Esistesse un premio per la musicista con il sorriso più bello del mondo, Regina Spektor potrebbe facilmente ambire alla vittoria finale. Nella donna riservata che è oggi Regina hanno sempre convissuto la timida ragazzina figlia di immigrati russi e la sfrontata, risoluta ribelle arty: tant’è che verrebbe quasi voglia di entrare nello schermo ed abbracciarla, mentre parla radiosa della sua recente maternità (ha avuto nel 2014 un figlio dal marito Jack Dishel, già chitarrista dei Moldy Peaches) o si sottopone al fuoco sfrontato di domande di Evgenij Dodolev, su Moskva 24. Ma poi tornano in mente le sue bizzarrie, le teatrali esibizioni nella Downtown newyorchese, le bacchettate al piano e le schegge punk rock a bassissima definizione, e si finisce per rimanere a metà strada: andare o non andare?
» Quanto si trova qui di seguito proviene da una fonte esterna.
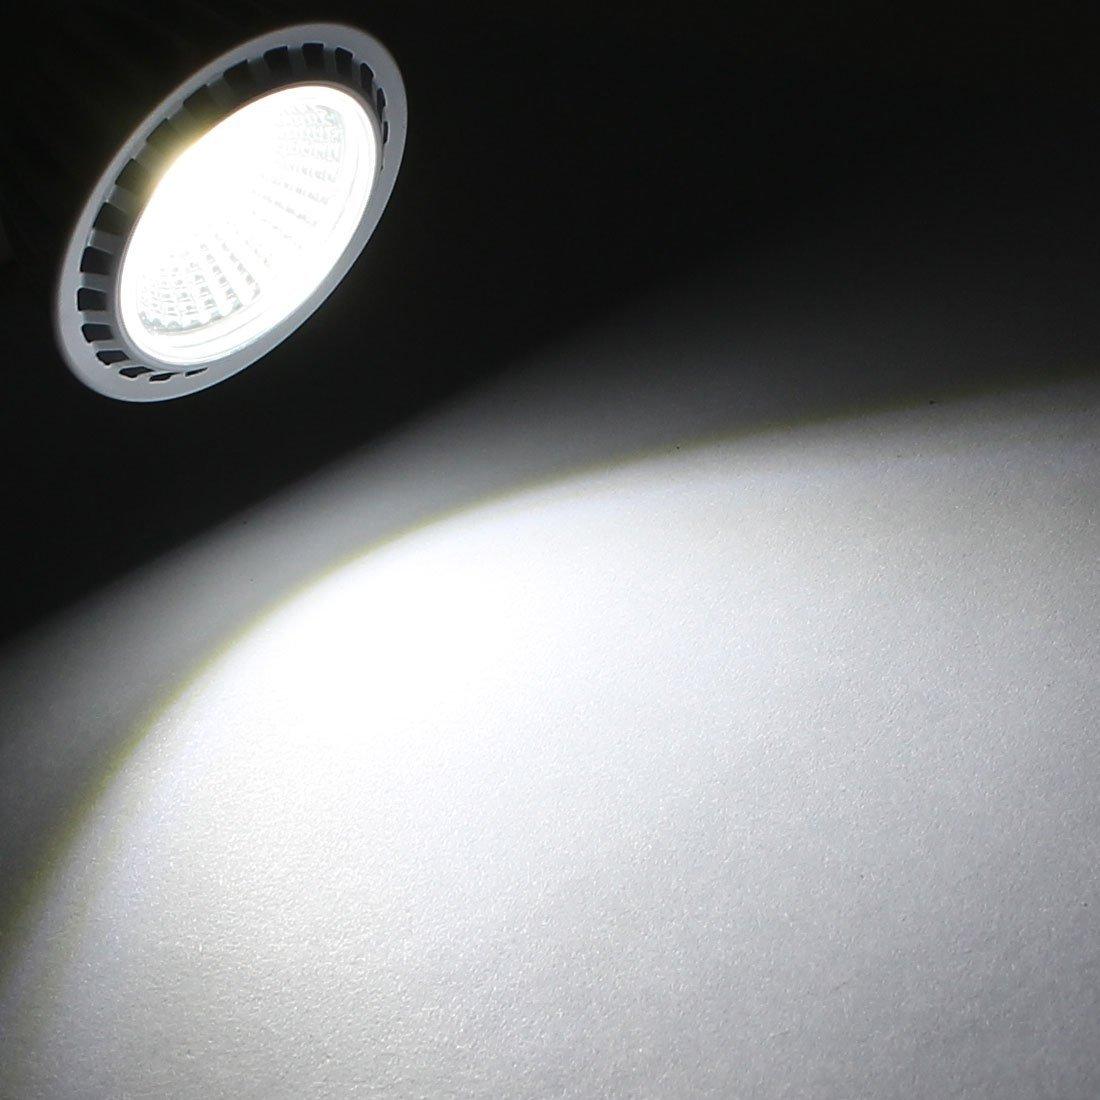 eDealMax AC85-265V 3W COB Ultra brillante LED GU10 bombilla de la lámpara empotrada blanco puro - - Amazon.com

Lo stesso con i dischi del suo secondo periodo, dal groundbreakingSoviet Kitsch” in avanti: il discreto “Begin To Hope” che le diede grande visibilità su scala mondiale, il capolavoro di pop estroso ed inquieto di “Far”, il raccogliticcio e non troppo fortunato “What We Saw From The Cheap Seats”. E oggi, con “Remember Us To Life”?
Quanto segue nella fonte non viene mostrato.